## Material shown
Segment Open
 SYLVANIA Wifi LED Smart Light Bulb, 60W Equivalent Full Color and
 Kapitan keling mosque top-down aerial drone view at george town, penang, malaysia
Segment Closed
Segment Open
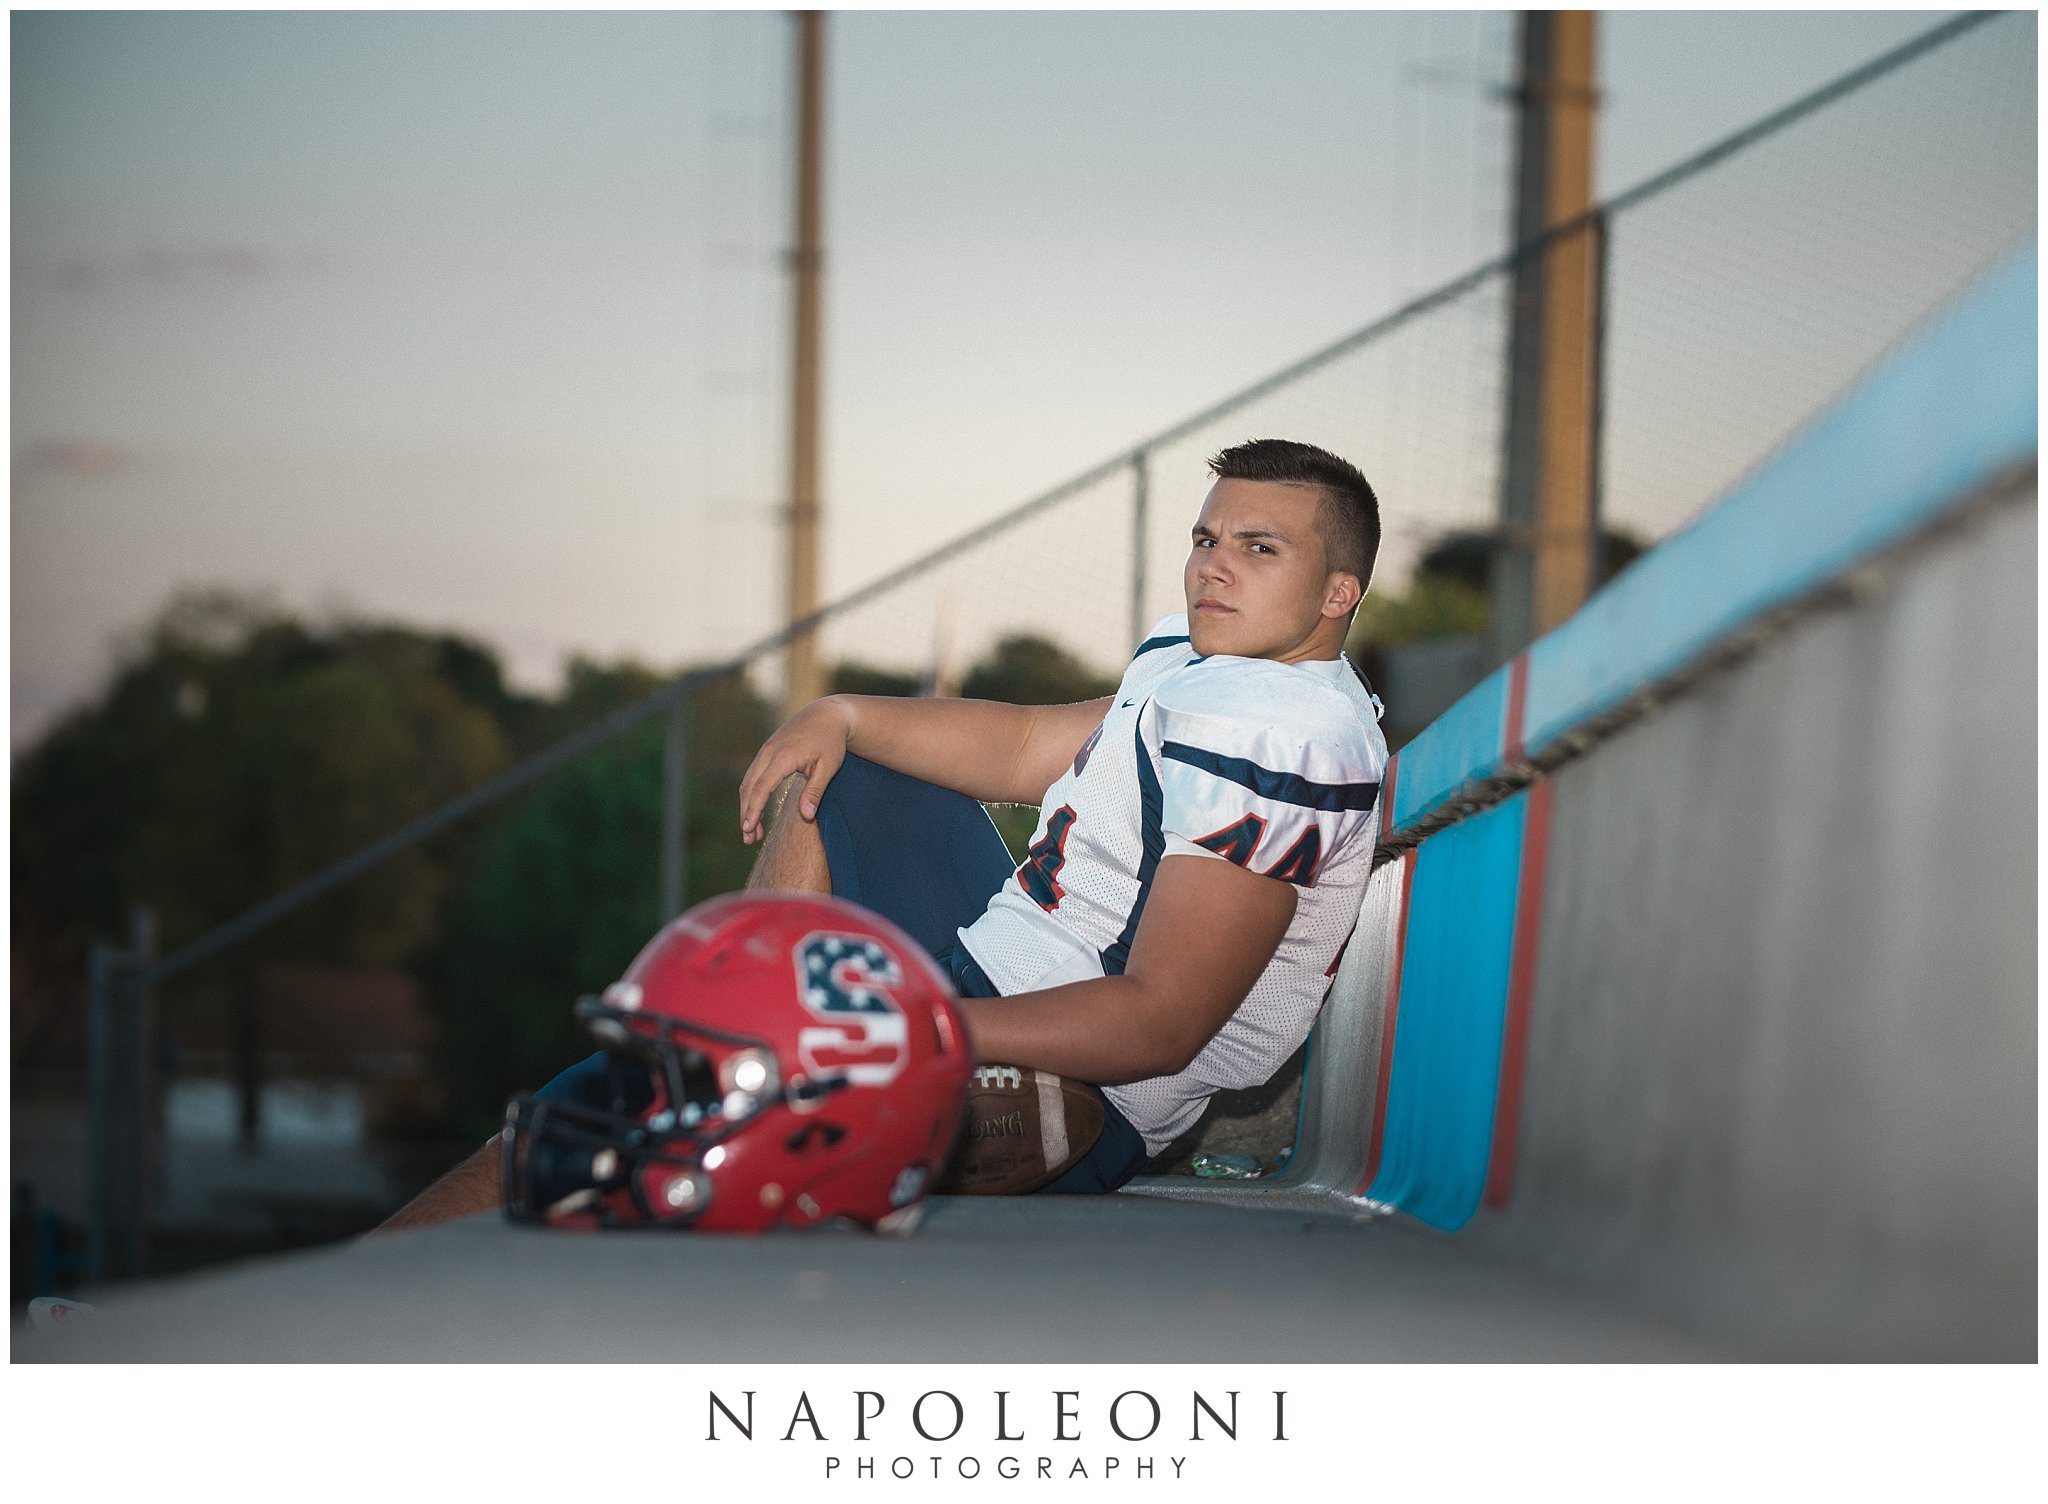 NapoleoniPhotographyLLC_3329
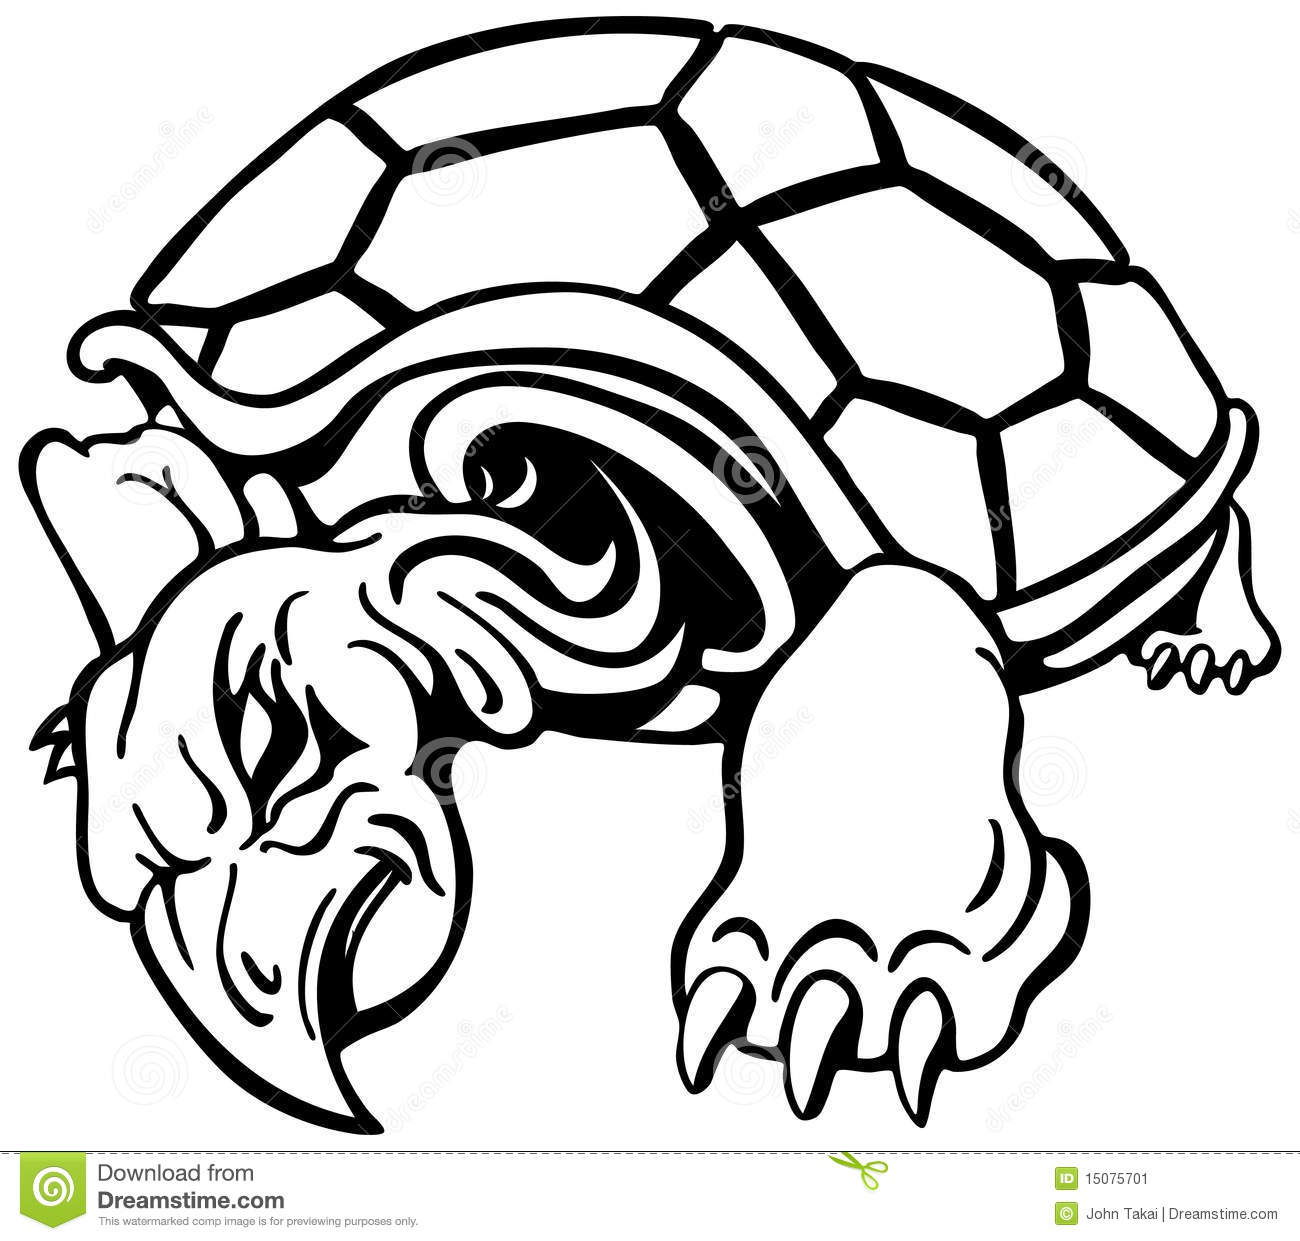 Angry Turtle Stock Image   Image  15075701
Segment Closed
Segment Open
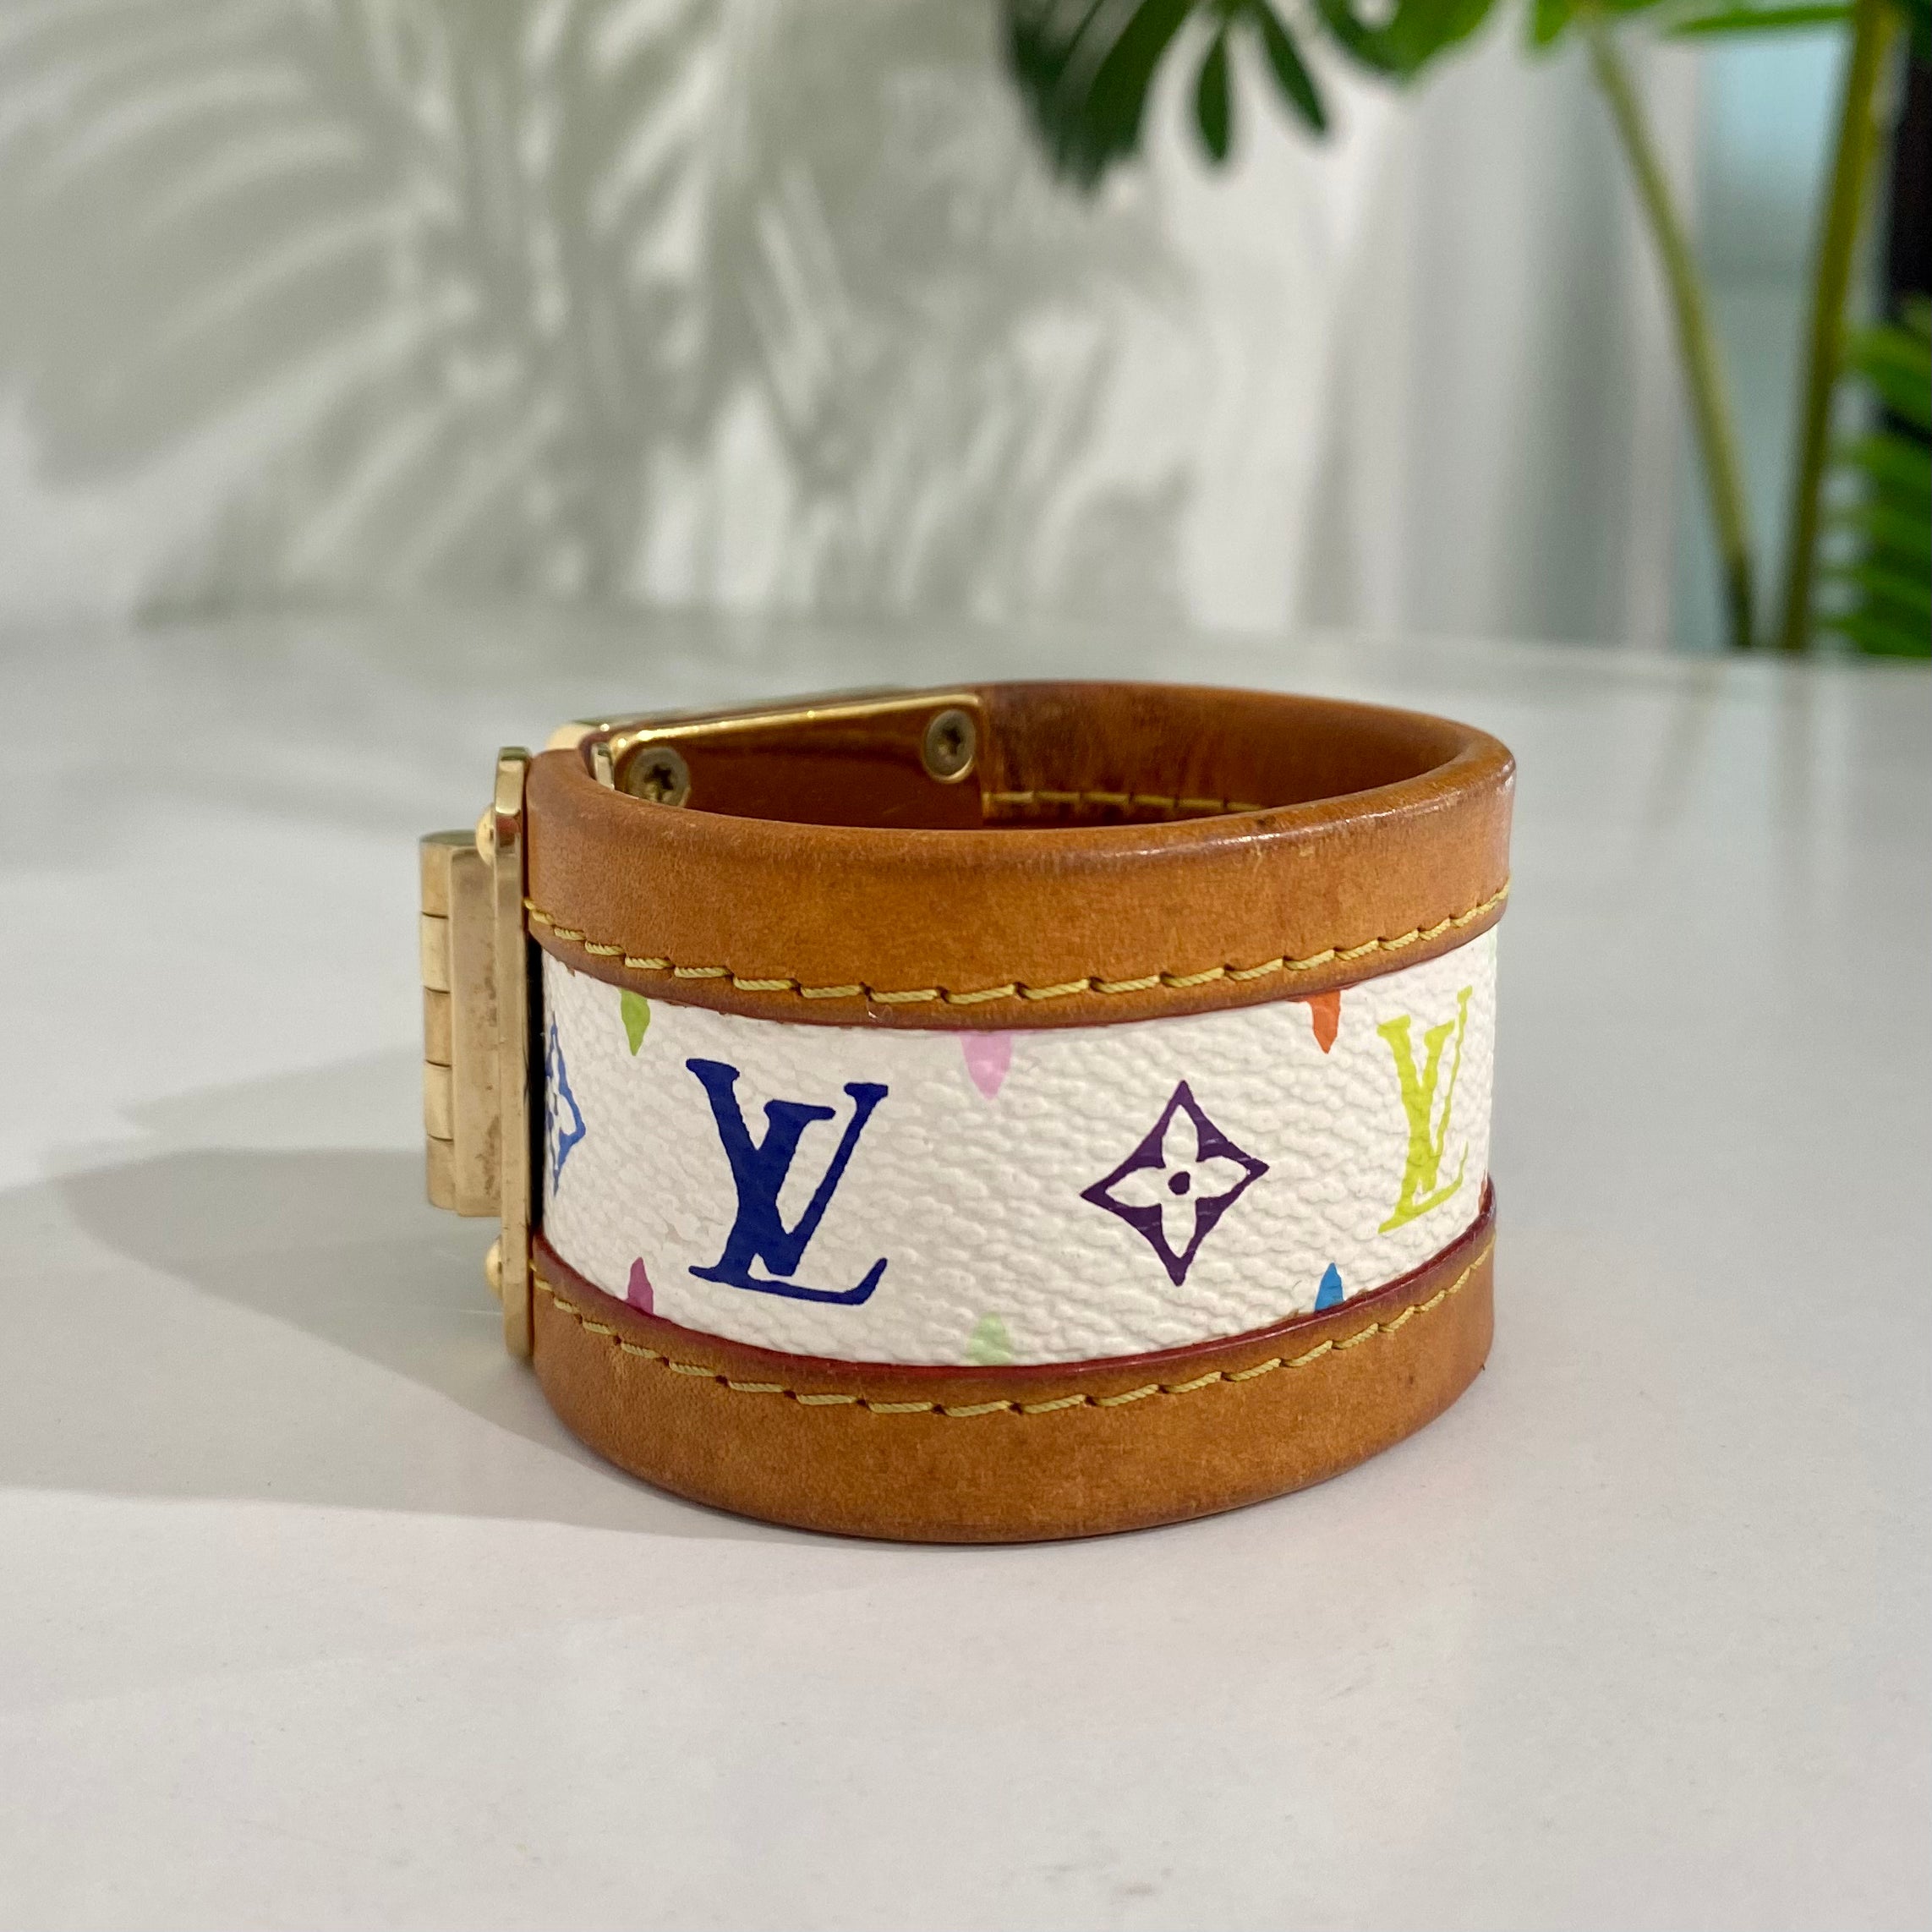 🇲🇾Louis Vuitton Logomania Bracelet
Segment Closed
Beginning with the line holding "SYLVANIA Wifi LED" and ending with the line holding "Kapitan keling mosque", write out the stretch of material above exactly; add no further lines.

## Reply
 SYLVANIA Wifi LED Smart Light Bulb, 60W Equivalent Full Color and
 Kapitan keling mosque top-down aerial drone view at george town, penang, malaysia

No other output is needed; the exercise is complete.